The quantitative level of anti-HBc at the time of treatment cessation has been suggested to be an important predictor of HBsAg-RS, and combining it with anti-HBs levels further improves its predictive efficacy (Lin et al., 2022). In contrast, our study suggests that the level of anti-HBc at baseline may be associated with the durability of HBsAg loss, with higher levels of anti-HBc at baseline potentially leading to earlier HBsAg loss and better clearance durability. These differences may be attributed to population heterogeneity, treatment regimens, and variations in quantitative anti-HBc testing methods. Large prospective cohort studies are needed to validate the association between anti-HBc levels and the risk of HBsAg-RS.
Limitations
We acknowledge several limitations of this study. Firstly, it was a single-center, retrospective, real-world study, and the findings may need to be further validated in prospective studies conducted in different settings. Secondly, important factors that could influence response to interferon therapy, such as HBV genotype and duration of NA , were not included in the analysis. Additionally, the unit of measurement for HBsAg quantification used in the study differs from the international standardized unit, which may limit the generalizability of the findings, despite studies showing good correlation between the two measurement methods (Shaker et al., 2012).

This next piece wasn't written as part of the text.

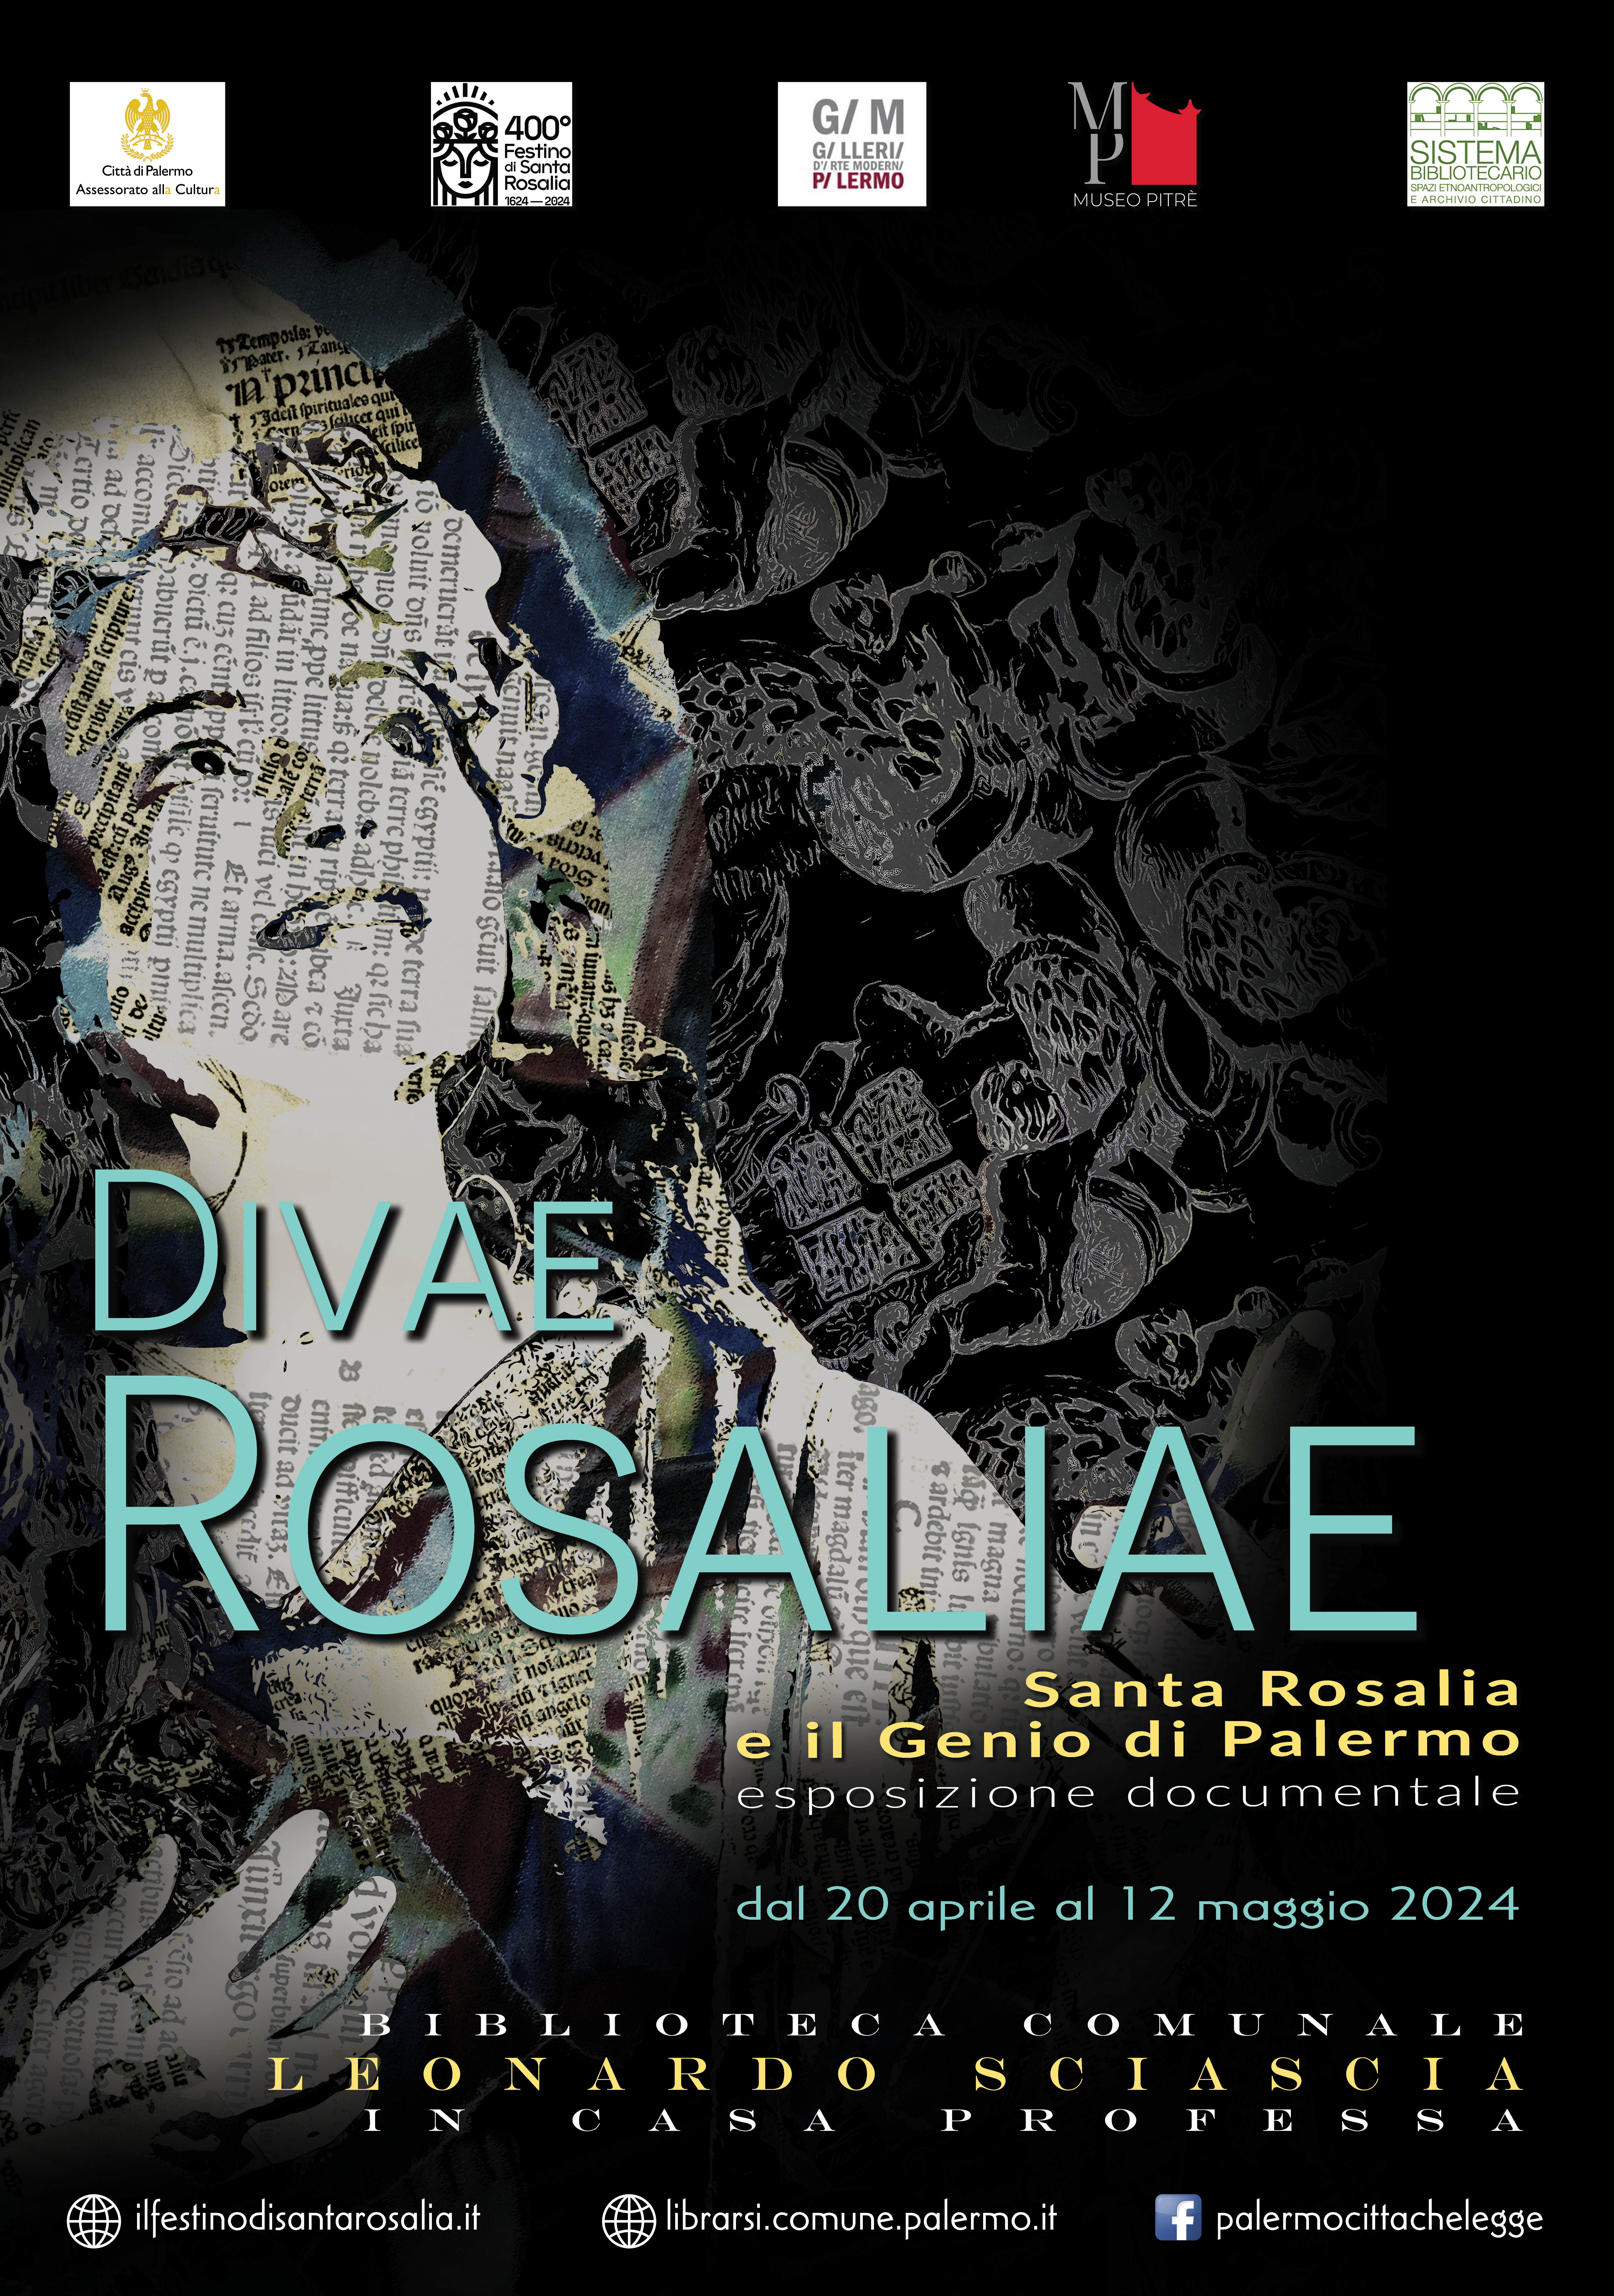 DIVAE ROSALIAE - “Santa Rosalia e il Genio di Palermo”

Finally, the durability and long-term outcomes of HBsAg loss mediated by different treatment modalities require further investigation.
Conclusions
The findings of this study have important implications for predicting the response to Peg-IFN-α therapy and identifying high-risk groups for HBsAg-RS after achieving HBsAg loss. Moreover, these findings can contribute to optimizing the implementation strategy of HBsAg loss and guiding the monitoring strategy and procedures following HBsAg loss. By considering the extent of HBsAg decline at baseline and early in treatment, as well as the levels of anti-HBc and anti-HBs at baseline, healthcare professionals can better assess treatment outcomes and tailor interventions accordingly. Additionally, the significance of higher levels of anti-HBs at discontinuation and higher anti-HBc at baseline suggests the importance of monitoring and maintaining these markers for sustained HBsAg loss. Overall, these findings have practical implications for improving the management and follow-up of patients undergoing Peg-IFN-α therapy.